The United Nations peacekeeping and crime fighting divisions today launched a joint action plan to further strengthen their cooperation in the battle against drugs and crime, particularly in West Africa, which has become a hub in the illegal narcotics network from South America to Europe.
The UN Office on Drugs and Crime (UNODC) and the Department of Peacekeeping Operations (DPKO) have mandates and comparative advantages that complement each other, UNODC Executive Director Yury Fedotov told a news conference at which he signed the cooperation agreement with the head of DPKO, Under-Secretary-General Alain Le Roy.
“This complementarity enhances the impact of both of our departments and the efforts to strengthen peace and stability and support the United Nations security and development agenda,” Mr. Fedotov said, giving West Africa as an example.
“Organized crime has turned this region into a hub for the traffic in illegal drugs, weapons and contraband goods. Criminals are exploiting West Africa’s strategic location, porous borders, weak governments and institutions, widespread poverty, corruption.”
It is estimated that at least 50 tons of cocaine transit West Africa annually, heading north to European cities, where they are worth almost $2 billion on the streets.

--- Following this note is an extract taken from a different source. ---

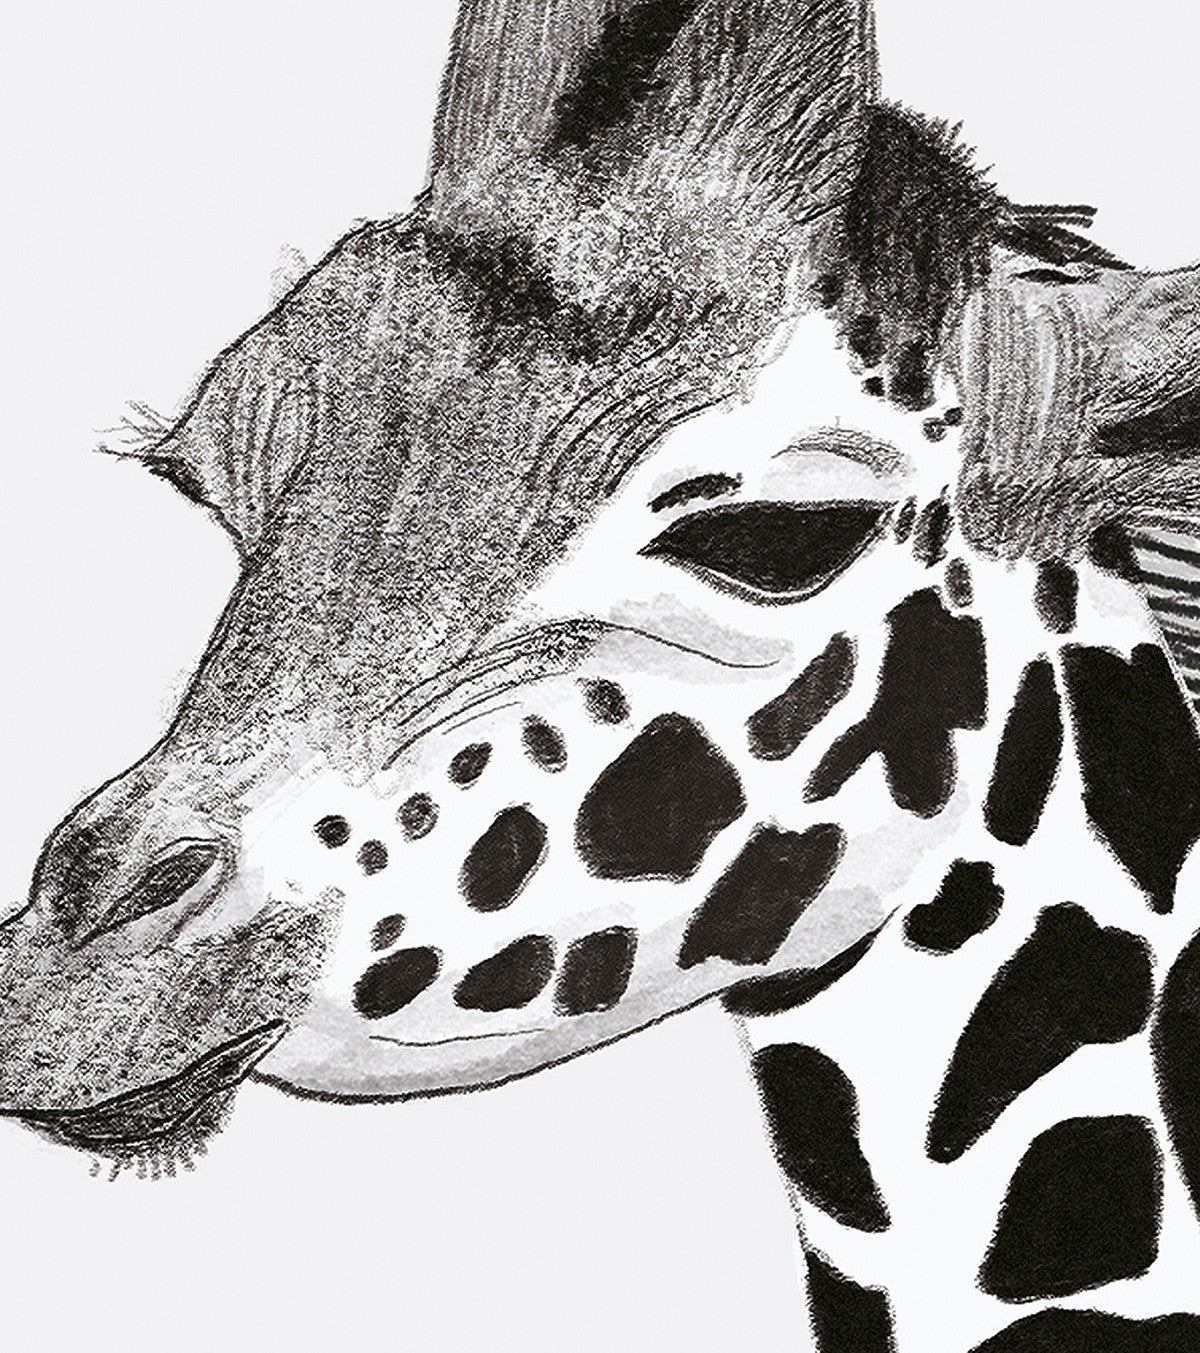 SERENGETI - Children's poster - The giraffe

In Guinea-Bissau, joint action by the two divisions supports a national counter-narcotic plan and security sector reform, Mr. Fedotov said, noting that UNODC has also provided $4 million for the West Africa Coast Initiative, in which it has teamed up with DPKO, the UN Department of Political Affairs (DPA), the UN Office for West Africa (UNOWA), the Economic Community of West African States (ECOWAS) and Interpol to fight ship-borne drug smuggling.
Traffickers are also using planes to replace camel caravans in their circuitous routes across West Africa. In 2009, investigators found the debris of a Boeing 727 jet in the Gao region of Mali, an area plagued by insurgency and terrorism.
UNODC officials say drug trails crisscross West and East Africa, with cocaine pouring into the west, and 30 to 35 tons of Afghan heroin trafficked annually into the east, and the Sahara becoming “a free economic zone” for all sorts of trafficking, whether drugs, migrants, guns, natural resources or hazardous waste, mainly due to the chaotic situation in Somalia.
The two illicit streams meet in the Sahara, creating new trafficking routes across Chad, Niger and Mali, with cocaine and heroin becoming a new sort of currency, being traded at par.
The discovery of seven laboratories in Guinea a year ago shows that West Africa is also becoming a producer of the synthetic drug amphetamine and of crystal cocaine refined from the base paste.
“Our combined efforts to build peace and security in post-conflict regions will benefit women and men, families and children who now live in fear of becoming victims of drug traffickers or other criminals,” Mr. Fedotov said. “Together we can help build and restore communities that are safe, healthy and just and that would be the best reward for us.”
Mr. Le Roy, too, stressed the “many ways we can strengthen our capacity in the rule of law” to fight drugs and crime while keeping and building peace in conflict-stricken regions.